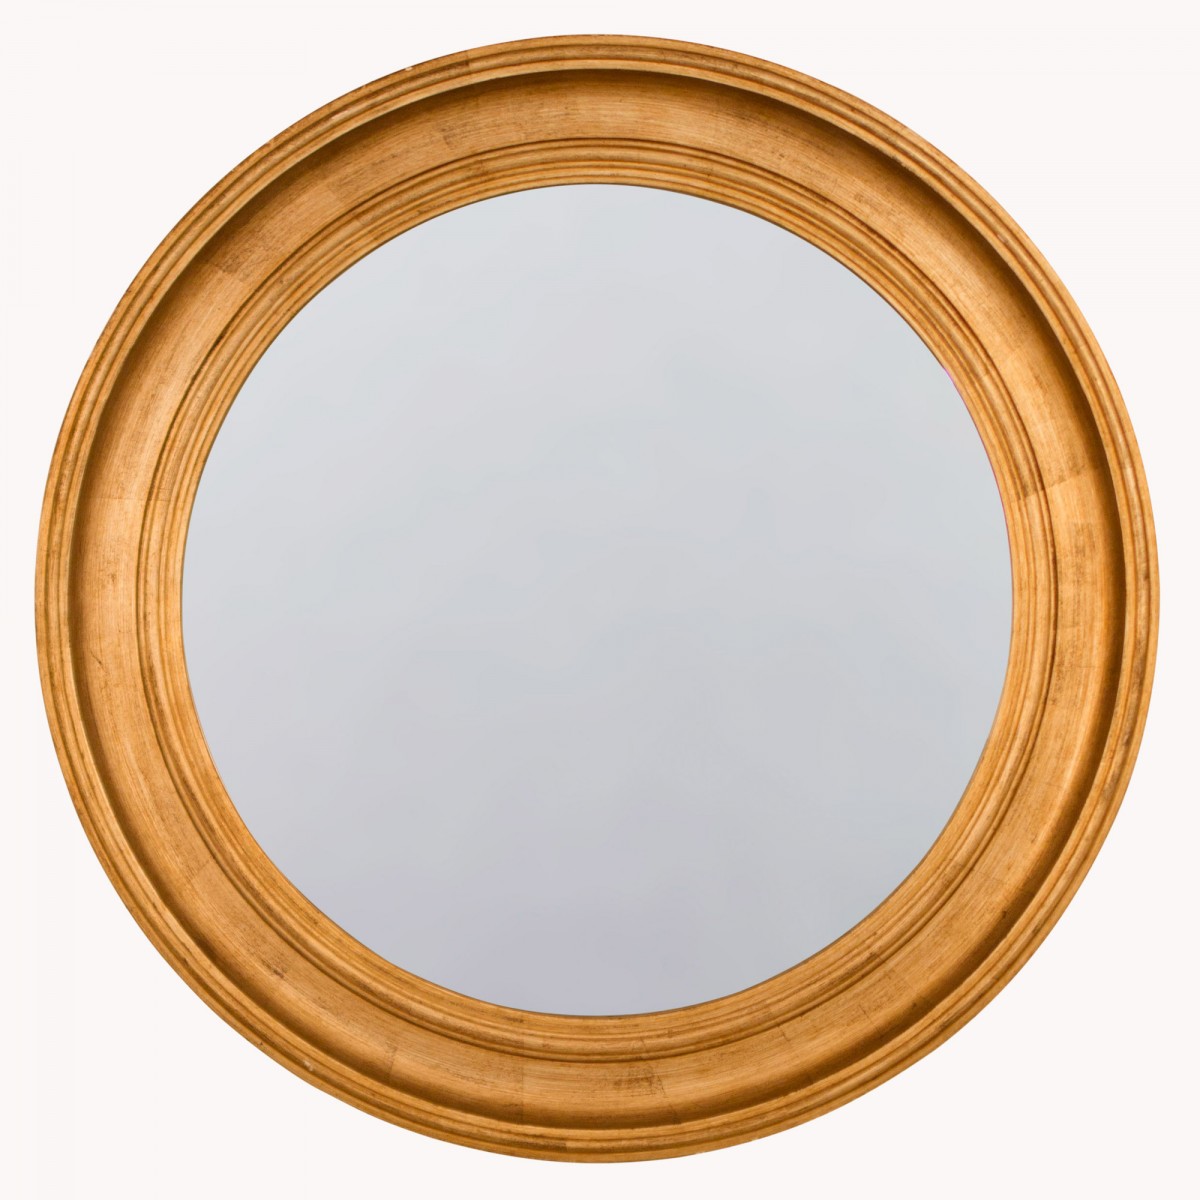 Round Gold Mirror: Stylish Reflection Of Elegance
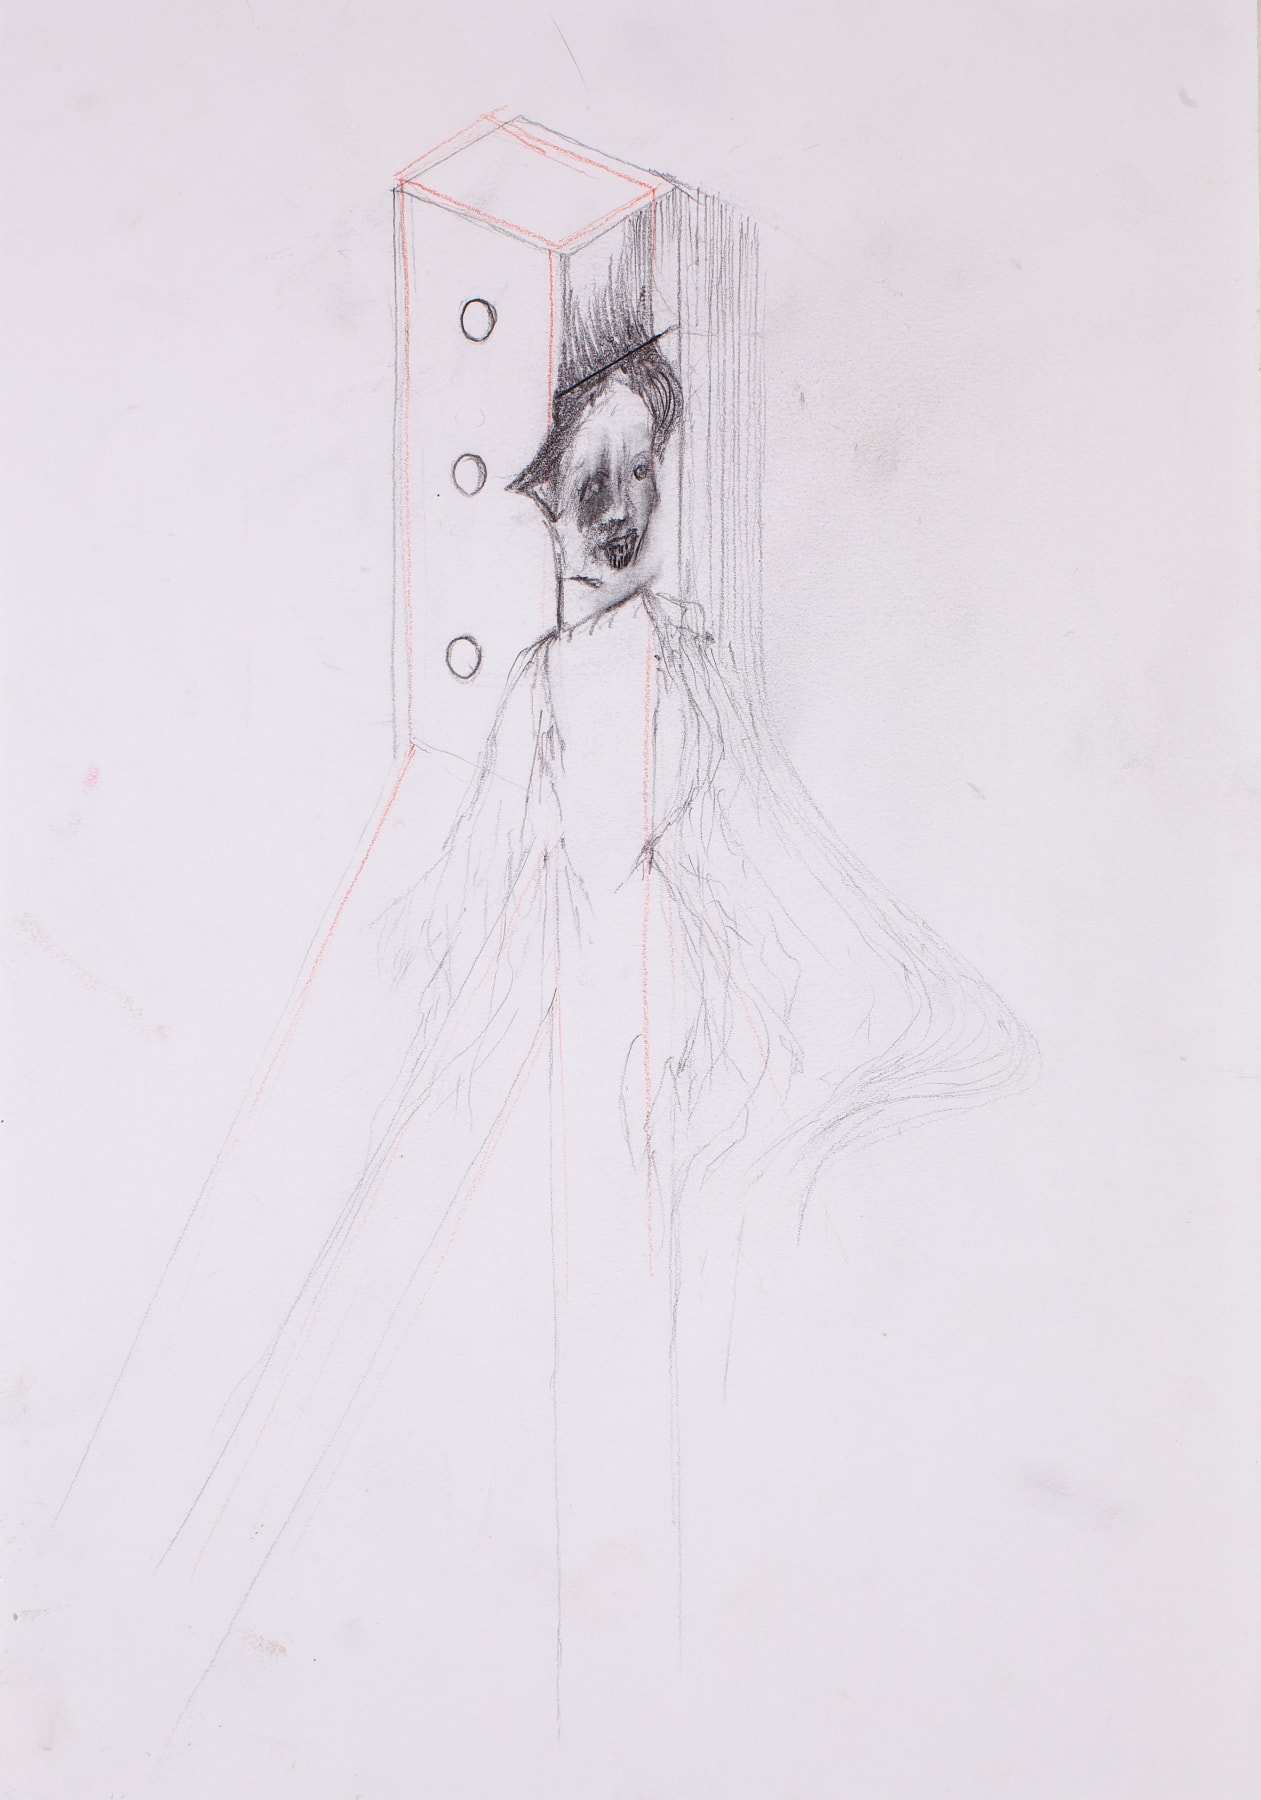 &quot;Untitled&quot;, 2013 Graphite, colored pencil on paper
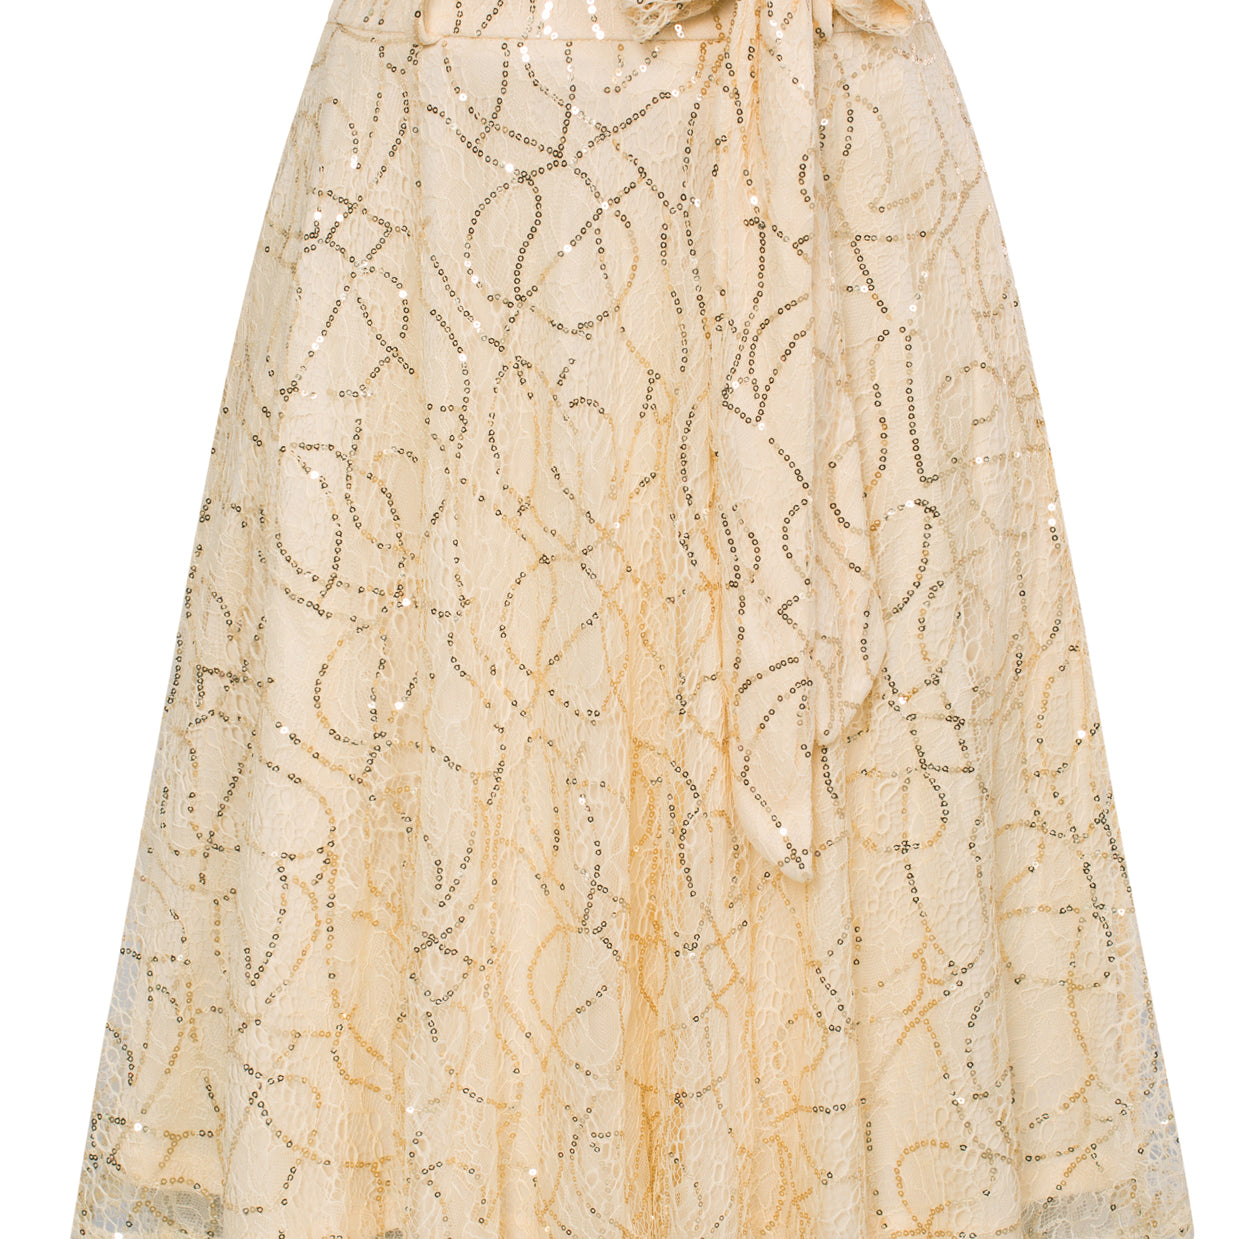 Vintage Lace Swing Skirt High Waist Knee Length Flared A-Line Skirt

→ **YOUR INSTRUCTIONS**:
Please restate all of the listing above word for word, with no pictures.

→ **REPLY TO THE EXERCISE**:
 Round Gold Mirror: Stylish Reflection Of Elegance
 &quot;Untitled&quot;, 2013 Graphite, colored pencil on paper
 Vintage Lace Swing Skirt High Waist Knee Length Flared A-Line Skirt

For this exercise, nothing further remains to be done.